Start of RAW DATA

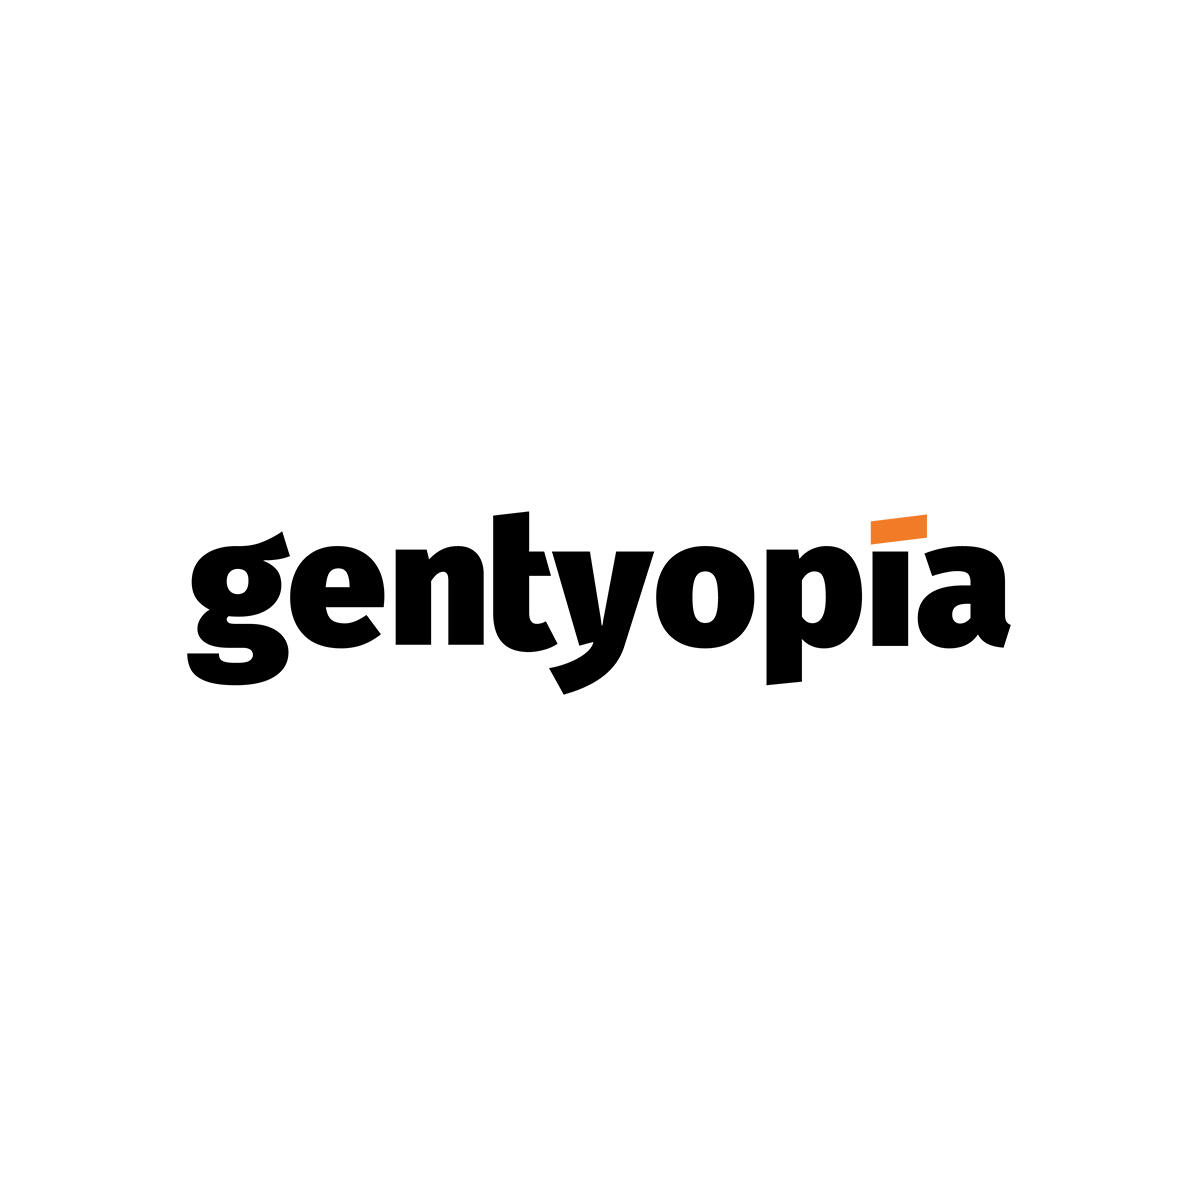 Gentyopía
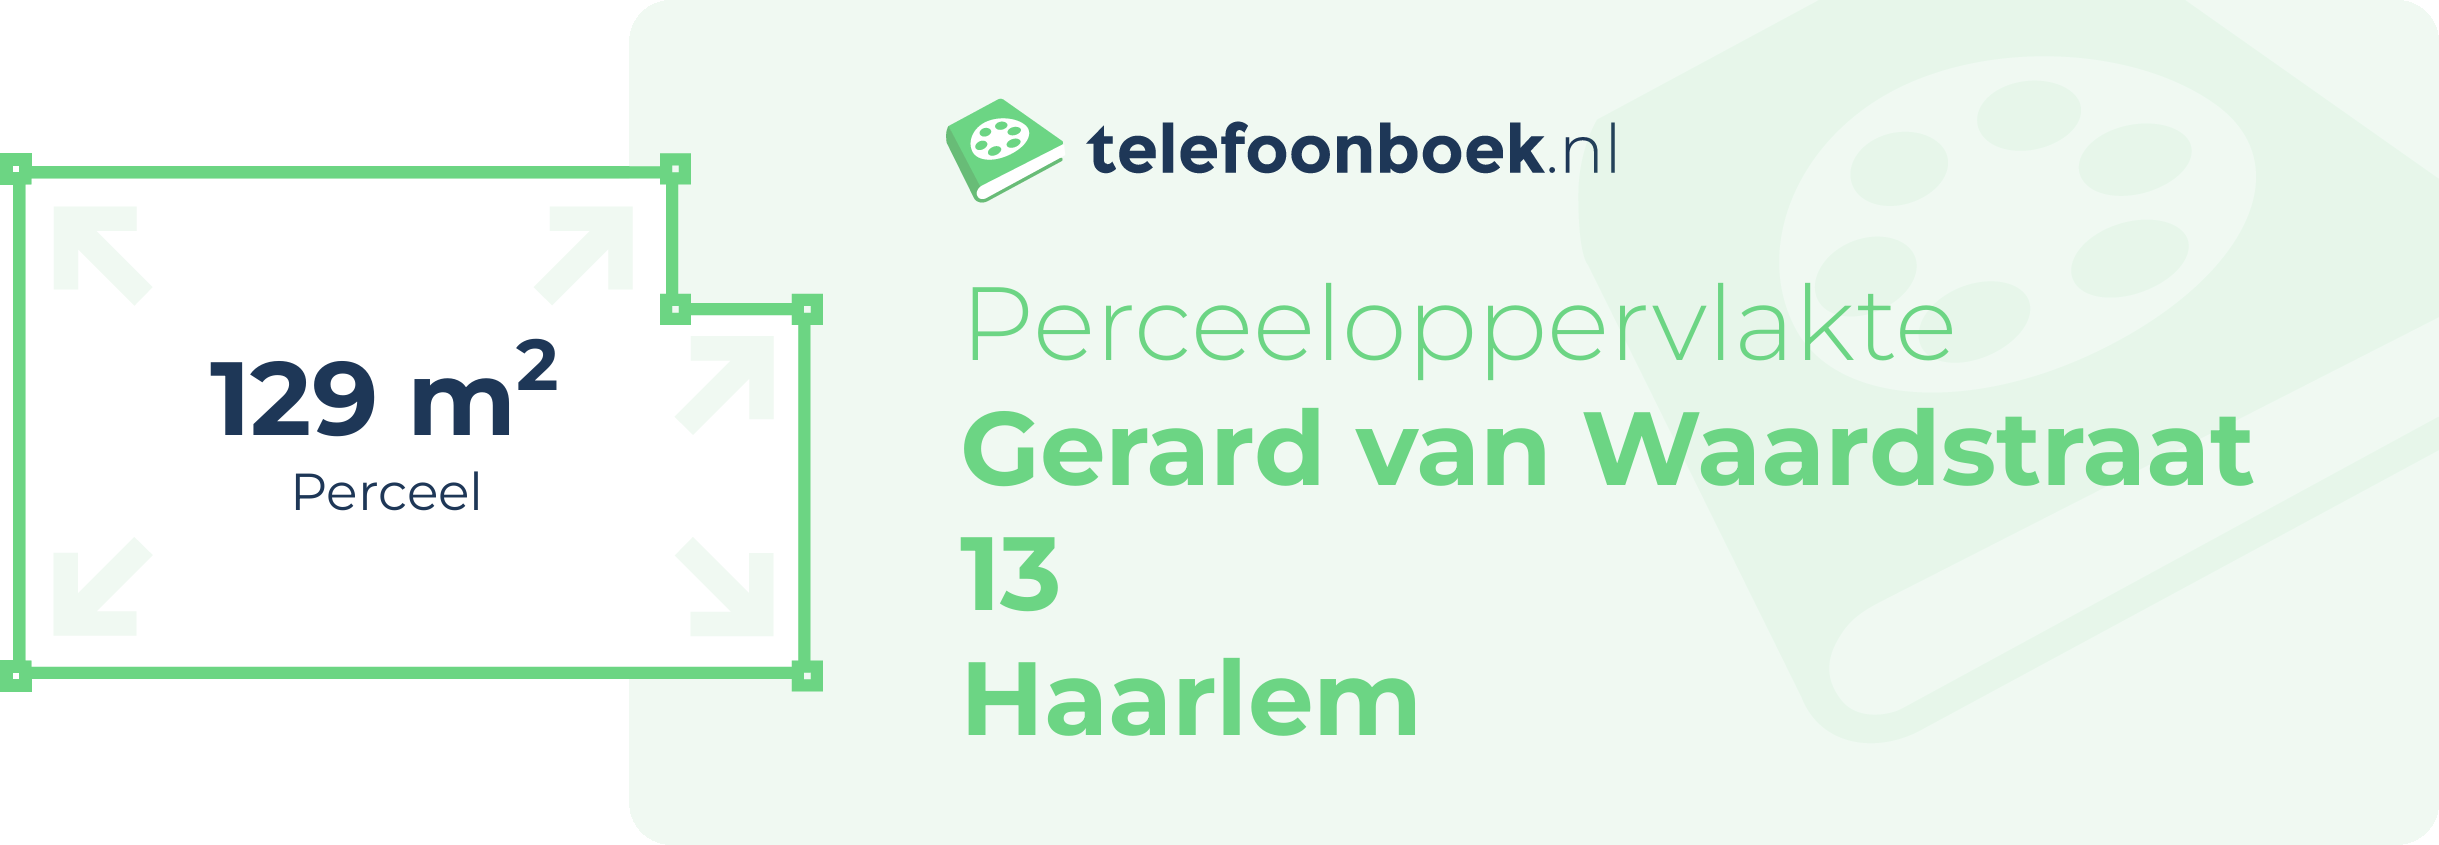 Perceeloppervlakte Gerard Van Waardstraat 13 Haarlem
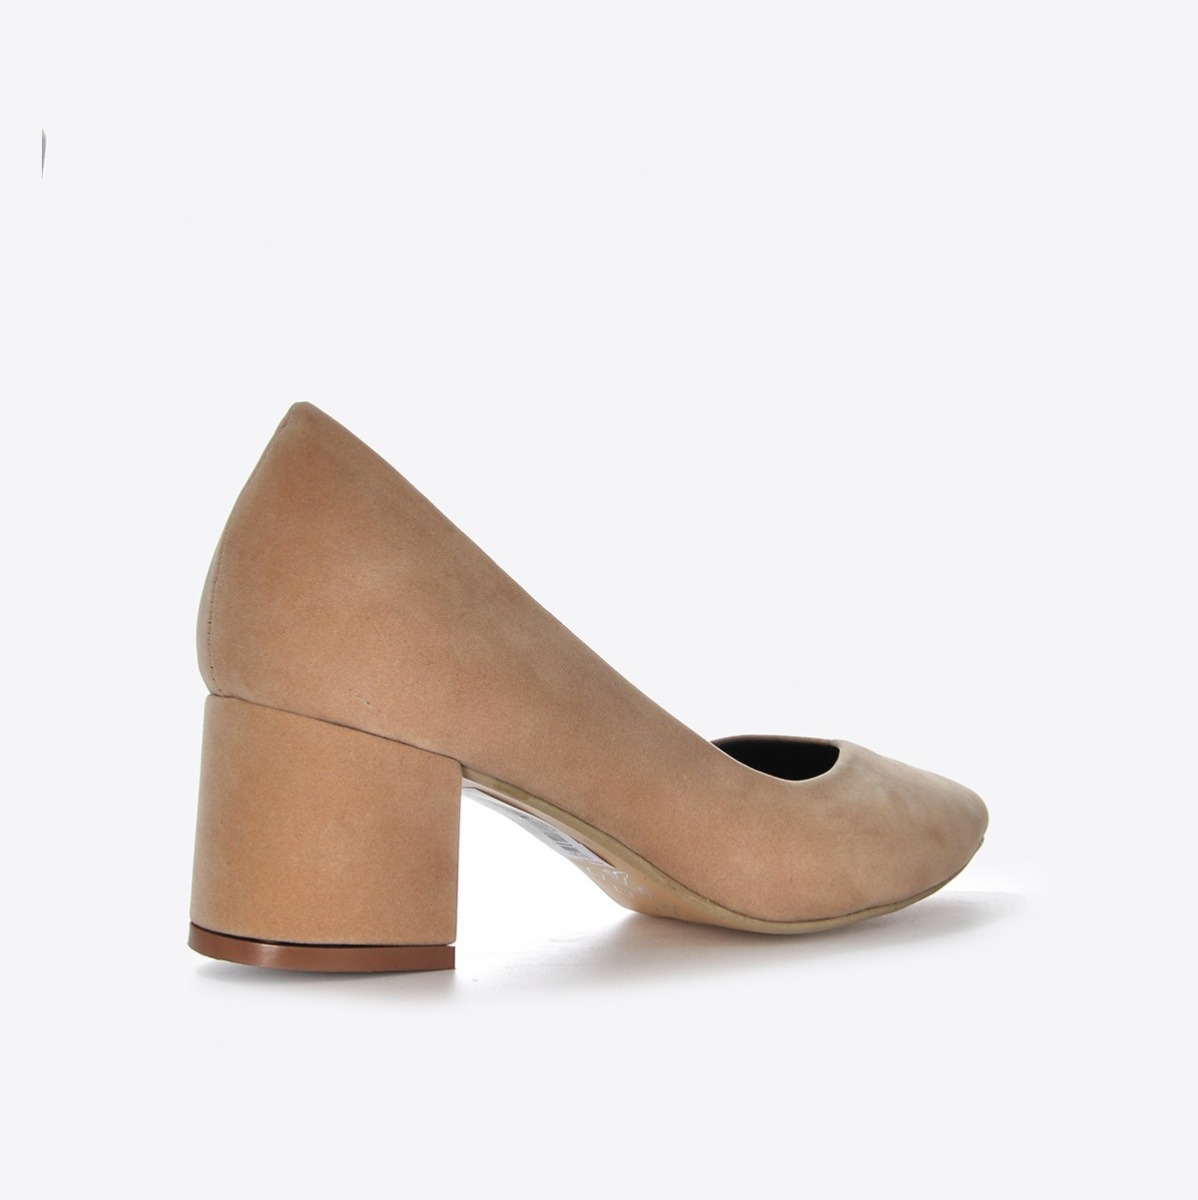 Flo Kadın  Ten Süet Klasik Topuklu Ayakkabı VZN21-040Y. 4

End of RAW DATA

*ASSIGNMENT*: What you return should be the whole listing, word for word, without its pictures.

*SOLUTION TO THE EXERCISE*:
 Gentyopía
 Perceeloppervlakte Gerard Van Waardstraat 13 Haarlem
 Flo Kadın  Ten Süet Klasik Topuklu Ayakkabı VZN21-040Y. 4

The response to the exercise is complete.